Health Advice



Pandemic adds hurdles for sexually transmitted disease reduction

Sandhya Raman, CQ-Roll Call on

Published in Health & Fitness

Rhodes wants a data-based approach reinstated in federally funded youth programs. She said the Trump administration and some states focused on “abstinence-only-until-marriage” programs.

A January review in the Journal of Adolescent Health of 30 years of data on school programs “offers strong support for comprehensive sex education” rather than abstinence-only programs, wrote the authors, Eva S. Goldfarb and Lisa D. Lieberman of Montclair State University.

Brett Giroir, a former Trump administration assistant secretary for health, said HHS sought to include STI prevention in programs like the Personal Responsibility Education Program that gives states grants and the Title X family planning program.

“We really tried to, in the programs we had, really expand that as a core component,” he said in an interview. HHS released a multiyear strategic plan for STI reduction in December, which Giroir called “very nonpartisan, very science-based.”

The nonpartisan National Conference of State Legislatures found that only 28 states require sex education and HIV education in schools.

The pandemic’s effects are also driving providers and sexual health education advocates to push for resources and policies that could prevent the spread of STIs and expand treatment.

The recent COVID-19 relief law provides nearly $7.7 billion for public health workforce development grants. The language says the funds would be applicable to disease intervention specialists, workers who find and counsel individuals diagnosed with STIs and contact trace others who may be affected.

The National Coalition of STD Directors asked CDC to use $1.3 billion of that pool to hire 10,000 specialists who could restore STI contact tracing efforts.

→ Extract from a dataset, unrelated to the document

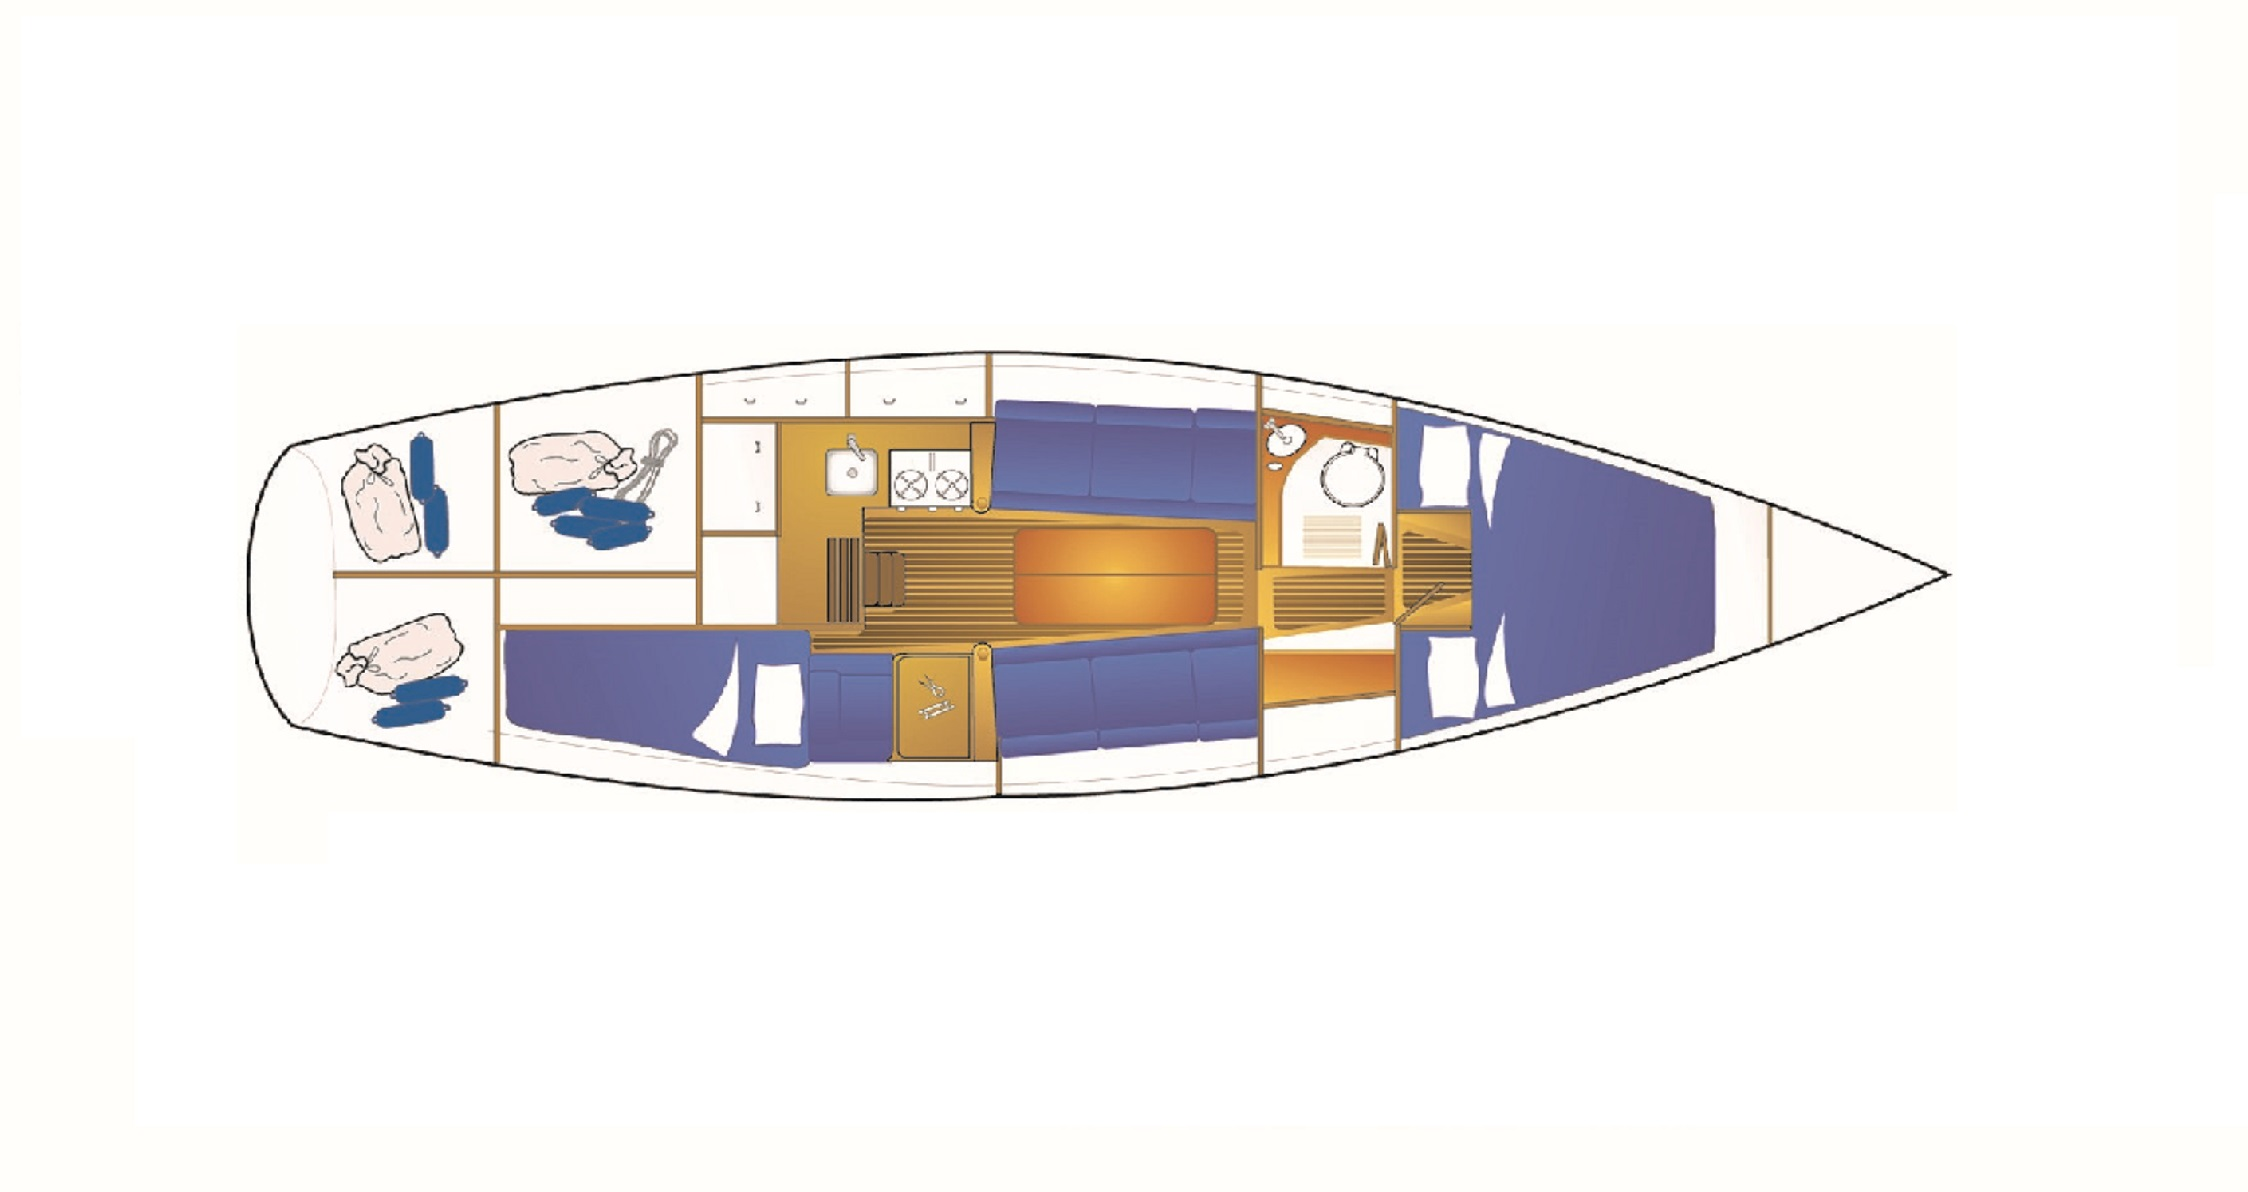 mystery35-Interieur-Plan

A January survey of STD directors found that 87% of their programs are involved in leading or assisting COVID-19 contact tracing efforts in their jurisdictions. Thirty-seven percent of workers are fully focused on COVID-19.

Harvey said the STD directors group is also seeking federal funding in future appropriations bills to directly support STI clinics, which rely on state and local funding.

“We know the true economic impact of COVID is yet to hit state and local government, which is why we predict that this network of providers is really going to be decimated in the recovery period,” he said.

Harvey also suggested utilizing the Defense Production Act to ramp up manufacturing of supplies to be used in COVID-19 and STI testing.

“It’s the same testing swabs and testing kits that are used for STDs that are used for COVID, so all of the supply chain has been disrupted because the resources are going to COVID testing. There’s a massive shortage of STD testing swabs,” he said.

Rhodes said advocates hope the upcoming White House budget will serve as a signal for Congress and will not include funding for abstinence-only programs but will include more funds for comprehensive sexual education.

“There’s urgent work to be done when it comes to access to care, as well as access to comprehensive sex ed, especially given … the COVID-19 crisis and virtual learning,” she said.